Zwracam się do was, którzy jeszcze potraficie obronić swoje małżeństwa: walczcie o nie, pozwólcie waszym rodzicom zajmować się ich własnym małżeństwem. Ale swoje chrońcie przed ich dyktatem.
…bo niestety i tu bywa miejsce, gdzie doświadcza się cierpienia.
Rodzice, którzy kurczowo trzymają się pępowiny swoich dzieci, nie pozwalając im w najmniejszym stopniu się jej pozbyć. Oni wiedzą wszystko lepiej, zależy im na prawdziwym dobru swoich dzieci, należy im się wdzięczność, bo przecież wszystko robią dla nich, są specjalistami od wychowywania, więc wiedzą ile powinni mieć dzieci ich dzieci i jak należy prowadzić wnuki.
Nasi domowi, lokalni, swojscy …. terroryści.
Zapomnieli, że Słowo Boże mówi do ich dzieci, że trzeba zostawić ojca i matkę i związać się ze swoją żoną i być z nią jedno. Oni są gotowi poprawić Biblię, bo przecież… No właśnie, bo co? To są ich dzieci? Mają prawo, bo urodzili, wykarmili, dali pieniądze na mieszkanie, dofinansowują?
Niestety spotykam Was w swoim życiu. Wy przychodzicie po pomoc dla swoich dzieci, które są niewdzięczne; nie przychodzicie po pomoc dla siebie. Wam nie można zwrócić uwagi. A wasze dzieci, terroryzowane przez lata, nie mają odwagi powiedzieć wam, że spotkania z wami odchorowują całymi dniami.

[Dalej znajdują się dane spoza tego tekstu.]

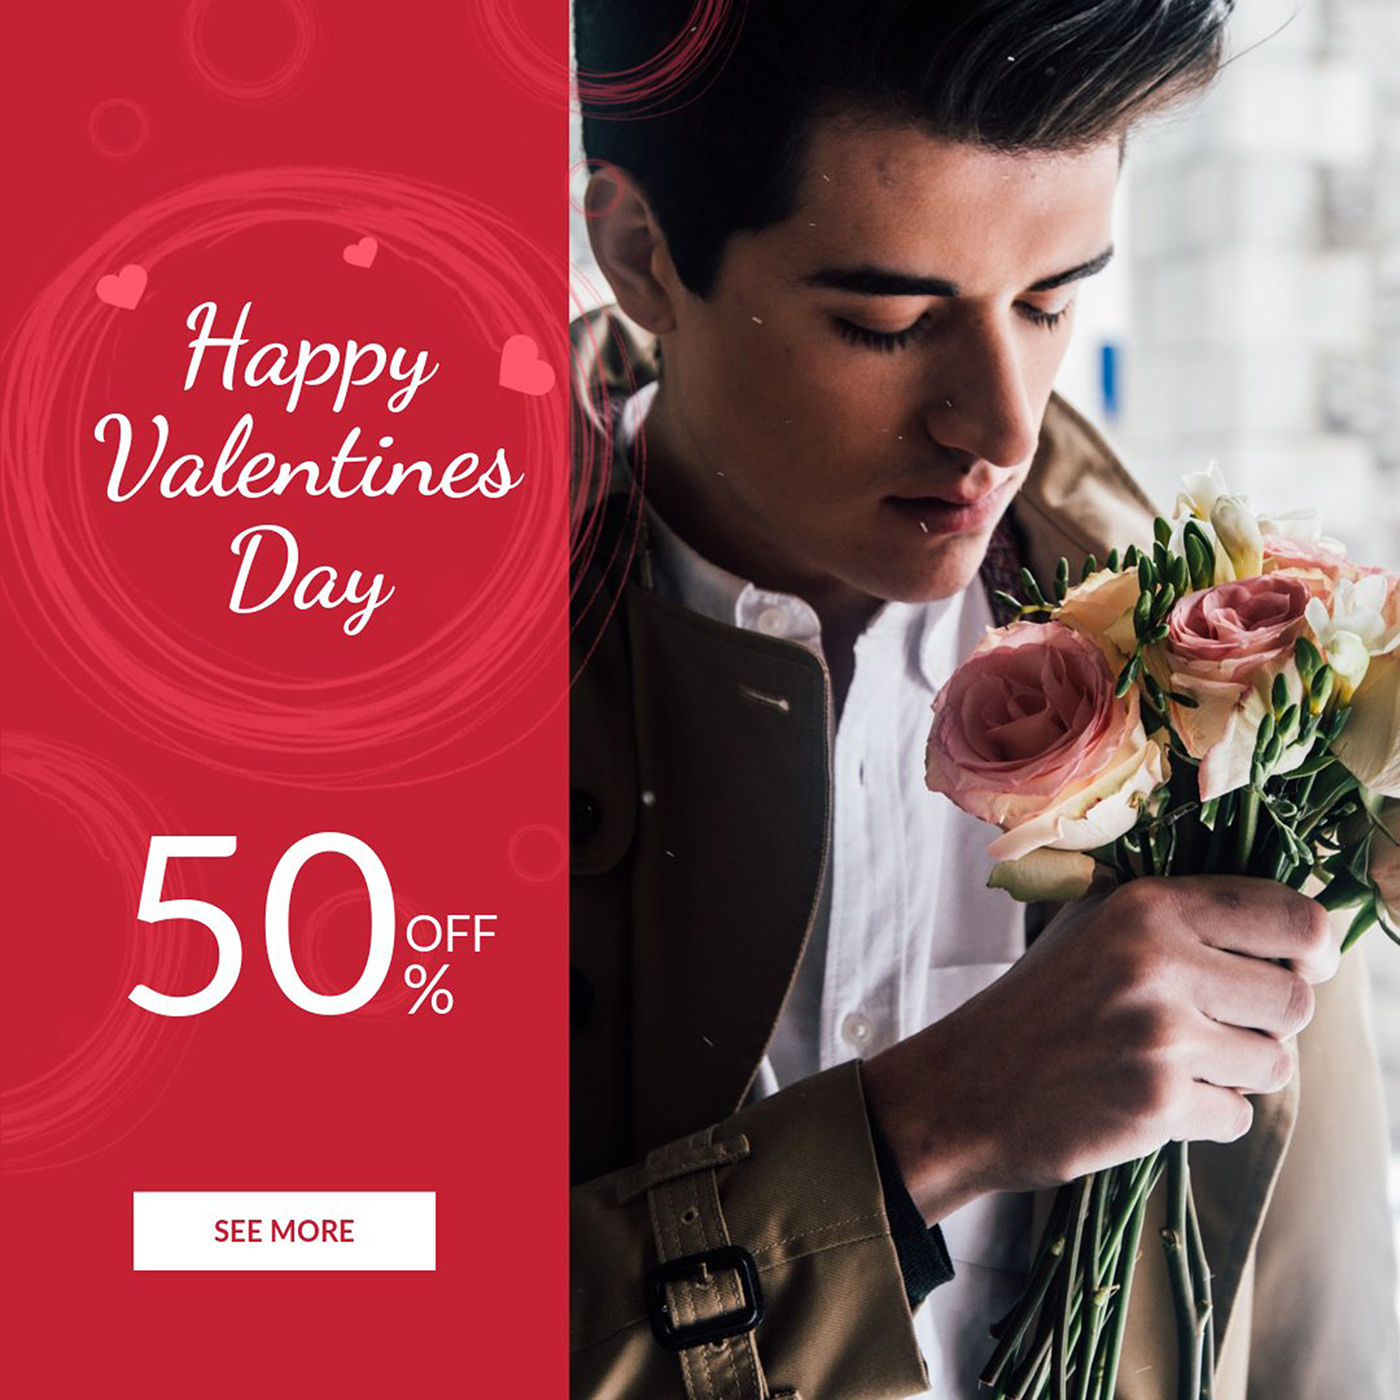 valentines day meaning valentines day history valentines day quotes movie valentines day ideas valentines day gifts background valentines day wallpaper

A co by się stało, gdybyś uzbrojony mocą z wysoka, wierząc bardziej Słowu Bożemu niż sobie, powiedział: dziękujemy za wszelką pomoc od was uzyskaną, ale niestety musimy się z wami na jakiś czas pożegnać, aż uznacie naszą autonomię. Jesteście zawsze u nas mile widziani, ale pod warunkiem, że wszelkie komentarze na temat naszego życia zostawicie za drzwiami. Jeśli tego nie potraficie, to nas nie odwiedzajcie. Myślisz, że dasz radę to powiedzieć? Czy świat się po tym skończy? Bo wiesz, tata może na ciebie nakrzyczeć, albo się obrazi. Albo twoja mama się rozpłacze, ty niewdzięczniku. Wczoraj napisała do mnie jedna kobieta, która mieszka razem z teściami. Mieszka z synkiem teściowej, który nie ma możliwości stać się mężem, bo jest bardziej synkiem. I ja płaczę razem z nią. Zwracam się do was, którzy jeszcze potraficie obronić swoje małżeństwa: walczcie o nie, pozwólcie waszym rodzicom zajmować się ich własnym małżeństwem. Ale swoje chrońcie przed ich dyktatem.
A wy, którzy macie to szczęście mieć rodziców, którzy są wierni Słowu Bożemu, módlcie się dziś szczególnie o odwagę dla synów i córek.
Modlę się za Was, kochani moi, całym sercem.